Agreed, it does seem like an issue, I had not had a chance to test it with the new maxmind_acl one since we havent put it into production yet. That one will close existing opened mmdb's and reload but only on restart or on remap reload when the plugin reloading makes a new instance, so I can see corruption being an issue

At least some warnings in docs should be added that if using a new mmdb/geoip file then the config should be changed and you should do some sort of swapping of names between the dbs in order to not touch one that is in use until if/when a solution can be done

[ezelkow1]

opened an issue with mmdb as well, since it just seems like good functionality to have, maxmind/libmaxminddb#256

[ezelkow1]

@pbchou can you try your test with a method as outlined here, https://github.com/maxmind/geoipupdate/blob/main/pkg/geoipupdate/database/local_file_writer.go#L134

Its in golang but you should be able to do something similar in C, i.e. write new db to a temp file, rename it to the existing DB, and then issue a sync call to atomically write the changes?

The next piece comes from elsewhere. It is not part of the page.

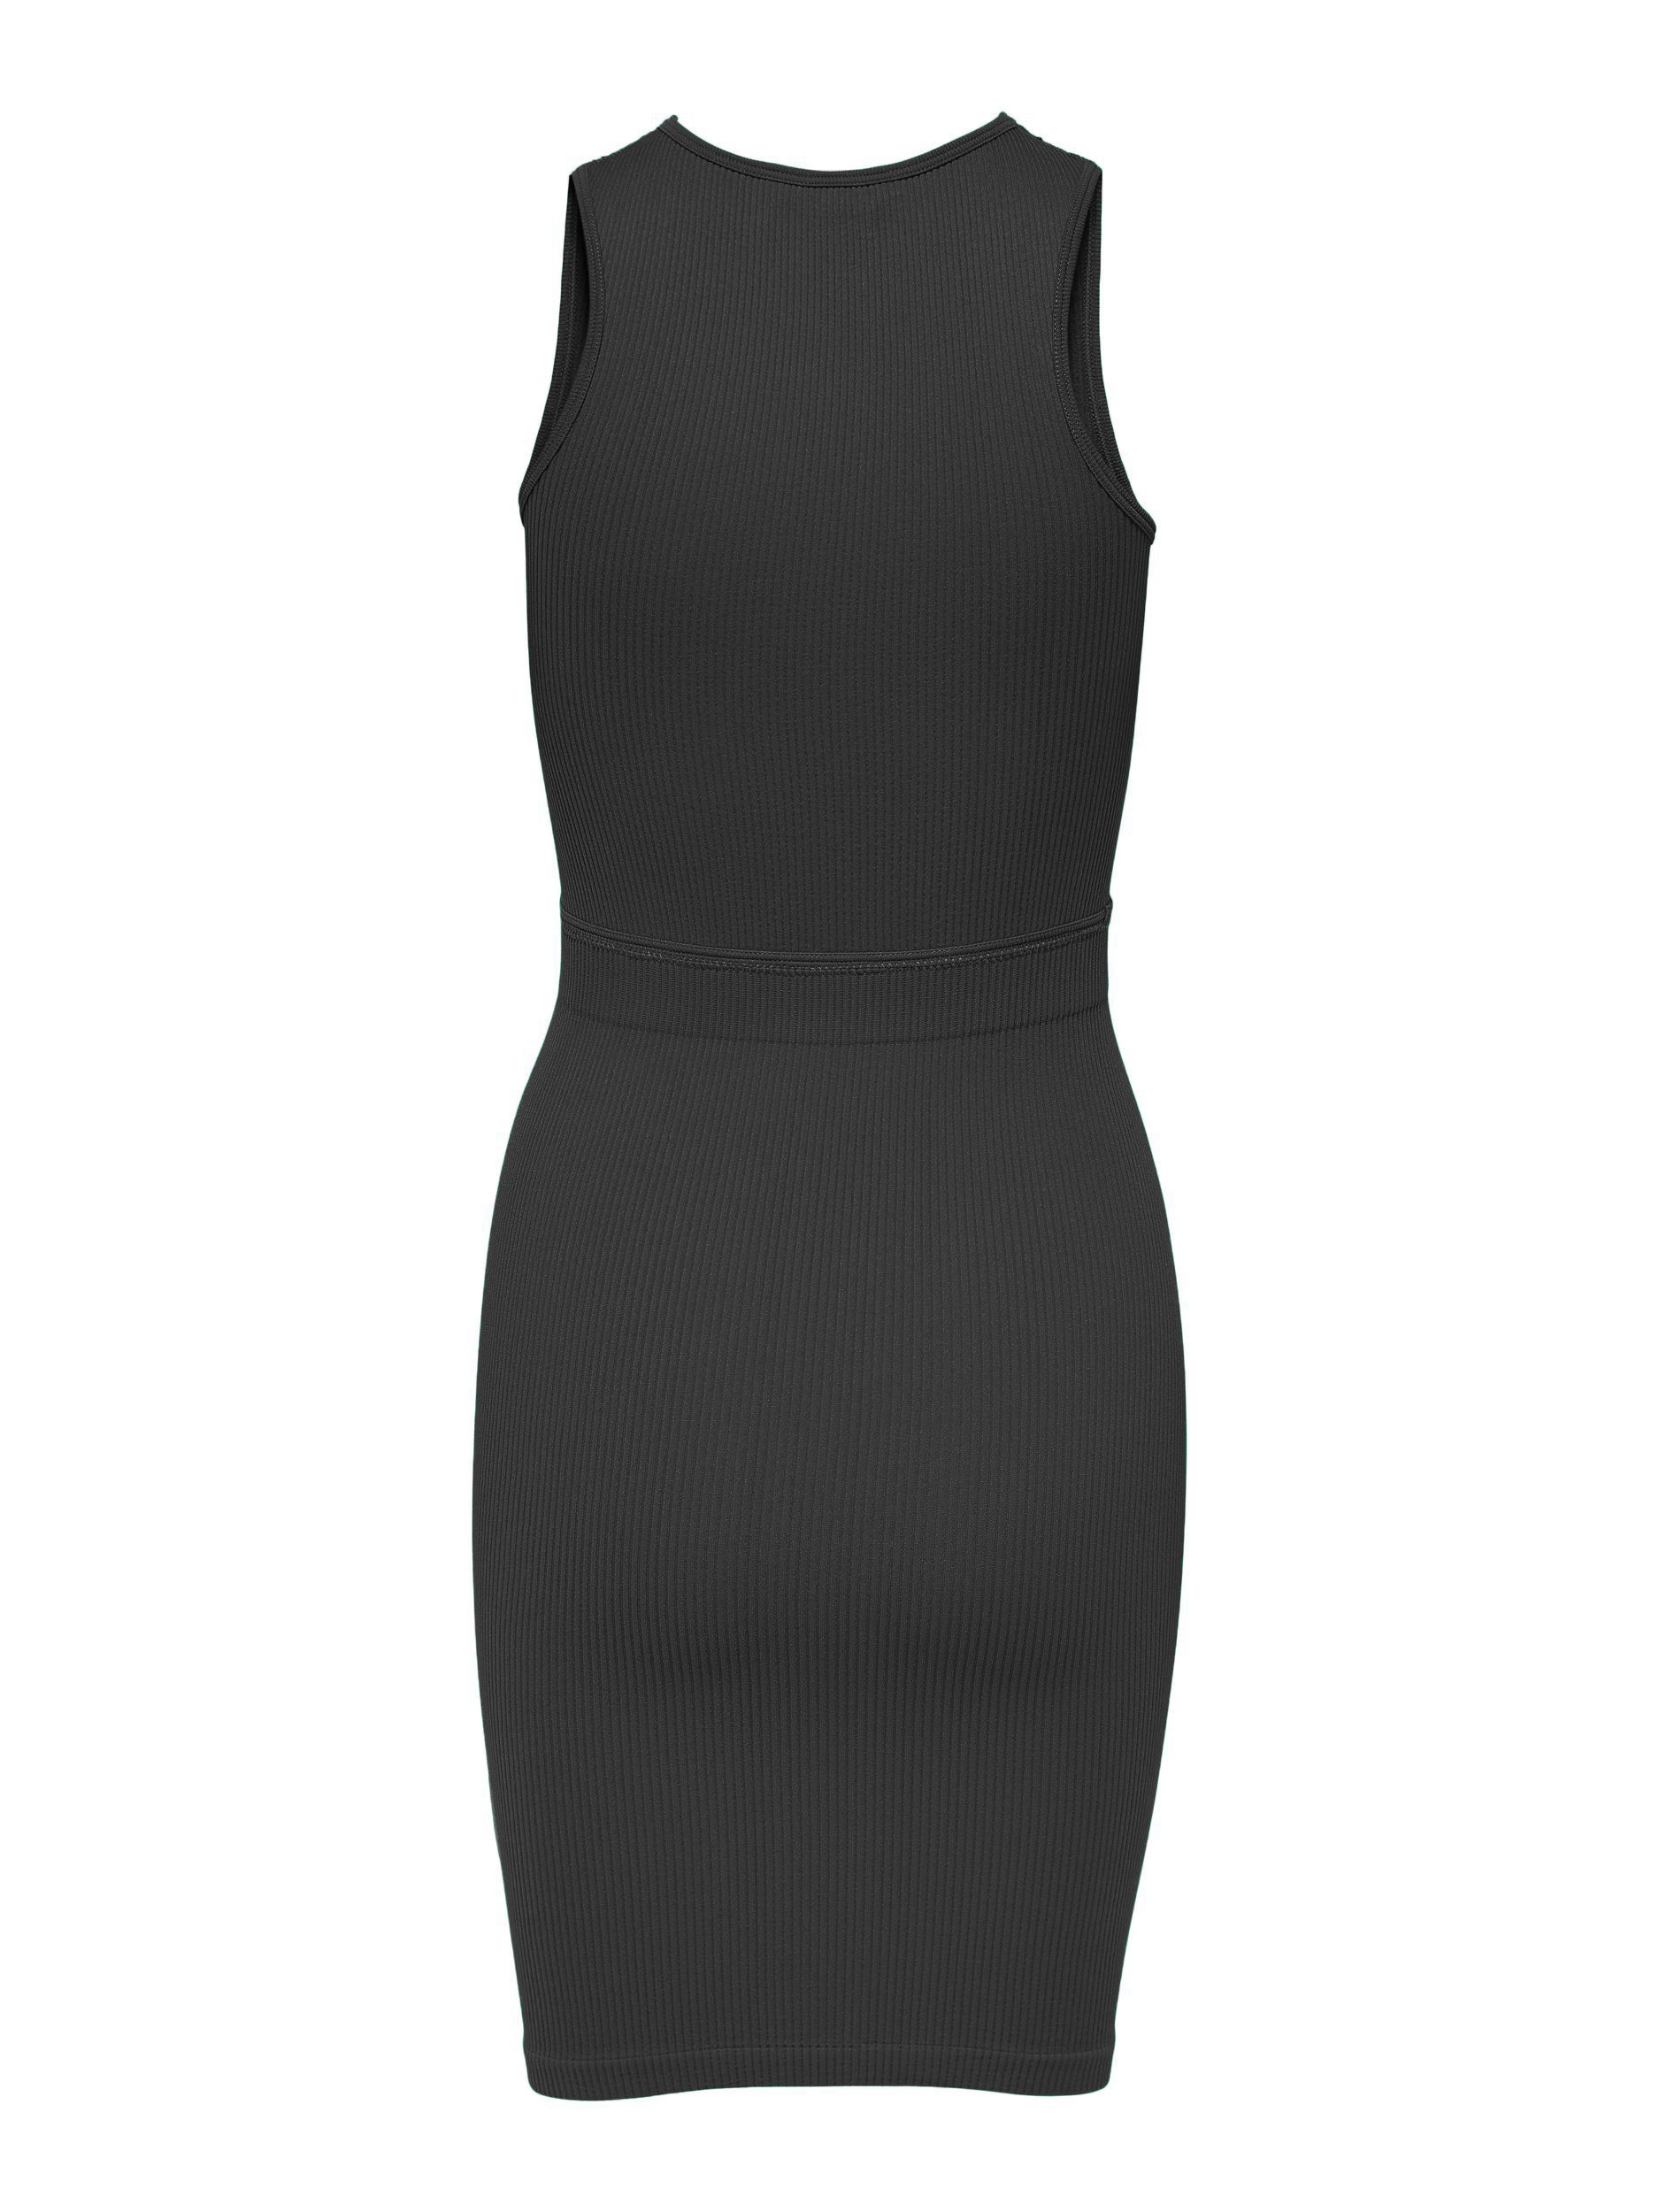 Gwen cutout rib mini dress, BLACK, large
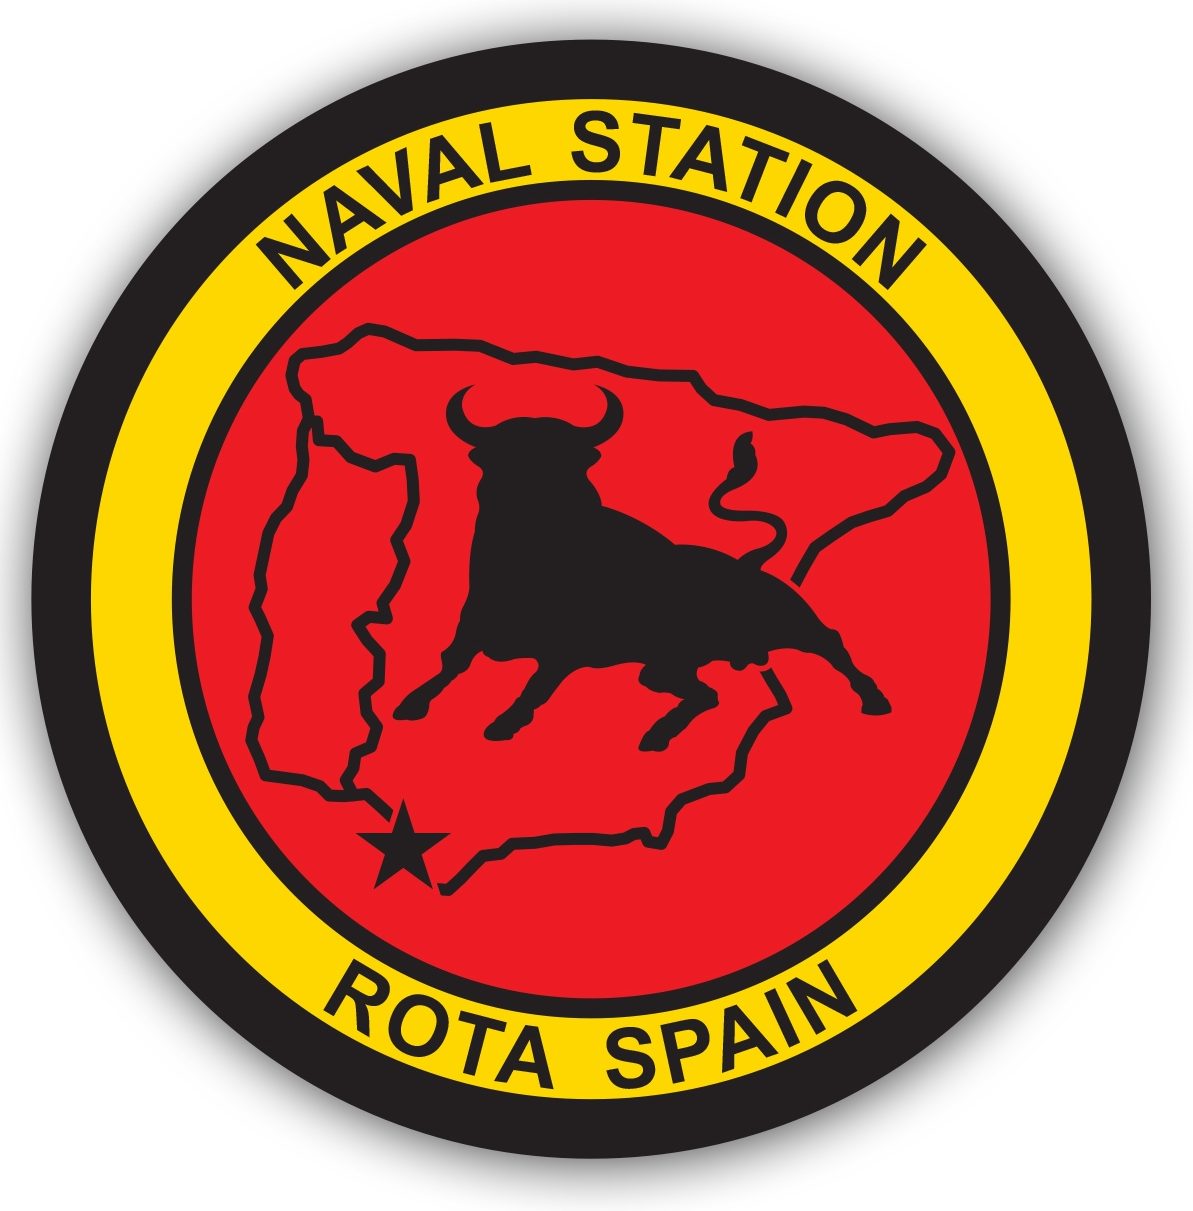 Naval Station Rota

This is what is recommended from the mmdb devs and what their updater tool does

[randall]

If you change the test to not reset the length (when count == 2) and use a mv instead of a copy, things run along fine (still reading 0s). I'm not sure changing the length there is a valid state since mmap is with the original length.

[pbchou]

The test resets the length in case the new DB is larger than the old one, and there are pointers to the regions of the file which are larger than the old file. It turns out the look-up function in the MaxMind libraries do have a pointer vs size check so it should result in a return of "corrupted database" rather than causing a segmentation fault. I assume this mv-vs-cp method works because the mmap is anchored to the disk contents rather than the file. Is there an issue with possible over-write of the disk contents after the disk sectors are freed when the original DB is replaced (perhaps old file needs to be kept with a dummy *.old file name)?

[oschwald]

On unix systems, when you atomically replace a file (or use rm for that matter), the file is merely unlinked. The space associated with the file is not freed until all open file handles are closed. There is no need to keep it with a dummy name. See rename(2) and unlink(2).

[jrushford]

Before the database is opened with MMDB_open(), why not first copy the database file as possibly a hidden file and then MMDB_open() and get a file handle to the copy. Any changes to the configured database file would not affect ATS but, the plugin could notice the change to the configured filename and make another copy, use MMDB_open() to get a 2nd file handle to the new copy. When it is determined safe to do so, swap the the active file handle with the new file handle and MMDB_close the old file handle. Maybe using a smart pointer to the active file handle or a mutex in order to swap file handles.

[ezelkow1]

So some feedback from us now that we've started deploying this plugin. Yes doing a copy is an issue, but doing the mv should be atomic. In my testing while using the maxmind plugin, doing a move of a temporary file on top of the existing one allowed ATS to continue using its old copy until a reload is issued and the plugin is reloaded and picks up the new file from disk

Thats at least to how it relates to the ats maxmind plugin

[bryancall]

If this is still an issue please reopen.